In his new role as faculty director of advising, history professor Steven Zipperstein is thinking about thinking.
He envisions a one- or two-hour session that would help launch New Student Orientation: several heavy-hitters on the faculty would discuss a complex topic like abortion, then field questions. “They’d take on an issue that is enormously, massively difficult, and think aloud,” Zipperstein says. The exercise, he adds, would show students that “much of the fun at Stanford is intellectual labor.”
The first to hold the new half-time post, Zipperstein is guiding nothing less than the overhaul of the advising system. Faculty participation in freshman and sophomore advising has dropped from about 45 percent to 15 percent over the past 10 years. (Most advisers are staff; some are graduate students or local alumni.) And surveys by the Undergraduate Advising Center over the past three years indicate that between 25 and 35 percent of freshmen are not satisfied with the advising they’re receiving.

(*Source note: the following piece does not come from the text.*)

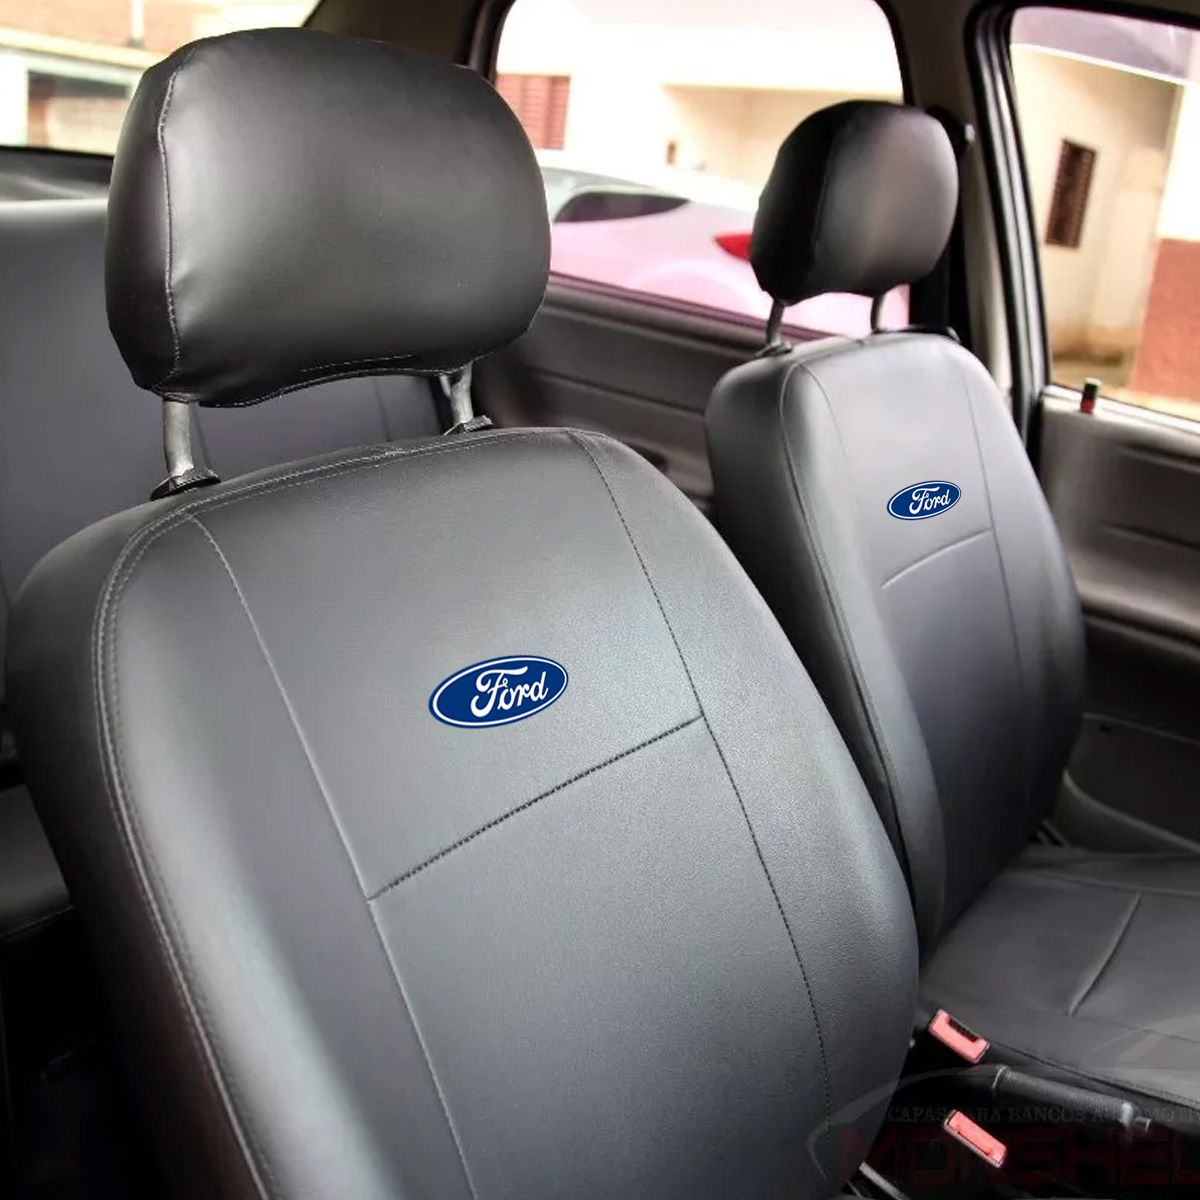 Capa de Banco Ford Ka Fiesta Ecosport Escort F250 F100 Couro Bordado Todos Ford Poliparts

Take Darius Ameri. His adviser “has been okay, but not particularly helpful,” he says. “I usually go to the HPAC [head peer academic coordinator] in our dorm, and I tend to be pretty independent and self-reliant.” But for every Ameri, there’s a Megan Rowe and a Tim Chang, who are happy with their match-ups. “My adviser lets me know if I’m going to take anything bad, and it’s definitely been a good experience,” says Rowe. When Chang explained that he was unsure what type of engineering to select as a major, his adviser suggested attending colloquia and brown-bag seminars put on by different departments. “I never would have known to do that,” Chang says.
There clearly are dedicated and resourceful advisers. But according to John Bravman, vice provost for undergraduate education, there also is “a persistent complaint in some quarters about advising.” Bravman, ’79, MS ’81, PhD ’85, says he created the new position in part to respond to “a problem that is complex,” and because advising is “part of the core academic mission of the University.” The time had come, he says, “to appoint a faculty director of advising, just as we have a faculty director of the program in writing and rhetoric and of Introduction to the Humanities.”
Zipperstein spent autumn quarter talking with faculty, staff and students on the Farm, and visiting a number of other campuses to see how they approached advising. He liked the University of Pennsylvania’s system, where one-third of freshmen have advisers in their residences, and he was intrigued by the academic/residential role of Harvard’s assistant deans of freshmen. Over lunch with Wellesley’s class deans, Zipperstein learned how freshmen pick academic advisers from among the professors they study with in their first term. He is beginning to float the idea of establishing an all-frosh dorm with a residential dean who would be responsible for advising 400 to 500 students through their four years at Stanford.
Zipperstein also would like to boost the number of faculty who advise incoming students, but he says that is not “in and of itself a panacea.” Instead, he says, “I think the key is foregrounding academia at the very center of advising.”
He also knows recruiting faculty will be challenging. Tom Wasow, for example, has had it. The linguist spent more than 20 years advising freshmen, dating back to his days as an assistant professor. The director of the symbolic systems program says he loved the interaction, and recalls that “there were a couple of occasions in which I was able to play a really important role in a student’s life, helping him or her with a decision that would have repercussions for many years.” Wasow continued to advise freshmen even as their interest appeared to wane in recent years. Then came last year’s written evaluations, which “brought home how little most students valued my efforts.” Wasow took his name off the UAC list, and now devotes his mentoring time exclusively to his own sym sys majors.
Zipperstein hopes to change faculty reluctance to advise—perhaps with financial incentives for research, or by cutting back on the social obligations that have come to be associated with advising. He envisions each adviser—faculty or otherwise—accepting responsibility for eight to 10 undergraduates. Their job would be to set an intellectual tone, “not to master information about the distinction between Chem 201 and 202,” he adds. “Part of the key to the success of this endeavor is to foreground intellectual activity without losing the panache that Stanford has.”